Dataset items:
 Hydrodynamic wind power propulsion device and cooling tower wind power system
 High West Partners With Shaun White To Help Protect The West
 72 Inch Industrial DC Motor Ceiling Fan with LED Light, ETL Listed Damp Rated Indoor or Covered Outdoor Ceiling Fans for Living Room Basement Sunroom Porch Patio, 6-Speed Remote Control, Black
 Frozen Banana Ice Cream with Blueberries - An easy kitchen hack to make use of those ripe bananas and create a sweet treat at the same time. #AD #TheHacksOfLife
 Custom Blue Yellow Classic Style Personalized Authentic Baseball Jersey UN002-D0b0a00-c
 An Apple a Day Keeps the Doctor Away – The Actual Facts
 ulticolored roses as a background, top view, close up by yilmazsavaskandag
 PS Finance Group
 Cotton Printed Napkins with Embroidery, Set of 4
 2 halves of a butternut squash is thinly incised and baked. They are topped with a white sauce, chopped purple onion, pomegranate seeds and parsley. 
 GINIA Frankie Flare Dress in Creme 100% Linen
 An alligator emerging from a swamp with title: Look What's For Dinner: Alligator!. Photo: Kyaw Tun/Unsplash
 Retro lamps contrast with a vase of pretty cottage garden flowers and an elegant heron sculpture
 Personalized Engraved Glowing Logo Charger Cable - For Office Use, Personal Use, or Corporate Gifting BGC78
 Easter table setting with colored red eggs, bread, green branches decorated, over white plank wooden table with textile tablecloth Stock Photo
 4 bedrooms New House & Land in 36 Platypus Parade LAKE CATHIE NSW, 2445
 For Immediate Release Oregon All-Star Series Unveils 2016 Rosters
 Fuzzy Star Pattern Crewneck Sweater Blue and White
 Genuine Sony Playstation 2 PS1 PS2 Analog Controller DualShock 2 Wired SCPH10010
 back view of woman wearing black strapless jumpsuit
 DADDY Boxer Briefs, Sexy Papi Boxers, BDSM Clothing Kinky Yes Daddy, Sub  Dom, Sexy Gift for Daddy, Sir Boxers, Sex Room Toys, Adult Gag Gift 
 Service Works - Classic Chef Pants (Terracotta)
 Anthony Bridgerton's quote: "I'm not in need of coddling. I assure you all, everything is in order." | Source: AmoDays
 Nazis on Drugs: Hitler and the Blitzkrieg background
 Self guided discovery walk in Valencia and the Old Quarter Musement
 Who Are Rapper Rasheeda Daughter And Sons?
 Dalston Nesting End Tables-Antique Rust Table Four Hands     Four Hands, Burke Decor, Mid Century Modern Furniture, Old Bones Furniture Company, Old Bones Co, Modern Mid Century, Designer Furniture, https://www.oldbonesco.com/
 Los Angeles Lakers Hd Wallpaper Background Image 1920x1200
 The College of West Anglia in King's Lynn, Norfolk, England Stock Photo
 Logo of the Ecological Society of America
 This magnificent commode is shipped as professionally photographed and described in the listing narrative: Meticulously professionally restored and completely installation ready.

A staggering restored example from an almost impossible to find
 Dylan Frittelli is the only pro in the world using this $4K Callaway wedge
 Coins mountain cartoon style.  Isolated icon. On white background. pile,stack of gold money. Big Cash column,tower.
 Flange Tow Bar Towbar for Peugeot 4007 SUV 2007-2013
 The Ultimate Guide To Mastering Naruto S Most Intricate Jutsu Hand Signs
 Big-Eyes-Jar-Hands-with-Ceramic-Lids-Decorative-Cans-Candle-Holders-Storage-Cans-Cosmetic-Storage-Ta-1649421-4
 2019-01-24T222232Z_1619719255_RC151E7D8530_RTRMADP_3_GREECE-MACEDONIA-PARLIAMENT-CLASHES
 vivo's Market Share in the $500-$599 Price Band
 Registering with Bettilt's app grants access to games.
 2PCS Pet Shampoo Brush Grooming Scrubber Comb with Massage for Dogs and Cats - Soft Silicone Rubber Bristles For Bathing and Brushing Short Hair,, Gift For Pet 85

TASK OBJECTIVE - Your answer must consist solely of the lines from the top of the entries above through the line containing "High West Partners", copied exactly, both ends included.

OUTPUT FOR THIS EXERCISE -
 Hydrodynamic wind power propulsion device and cooling tower wind power system
 High West Partners With Shaun White To Help Protect The West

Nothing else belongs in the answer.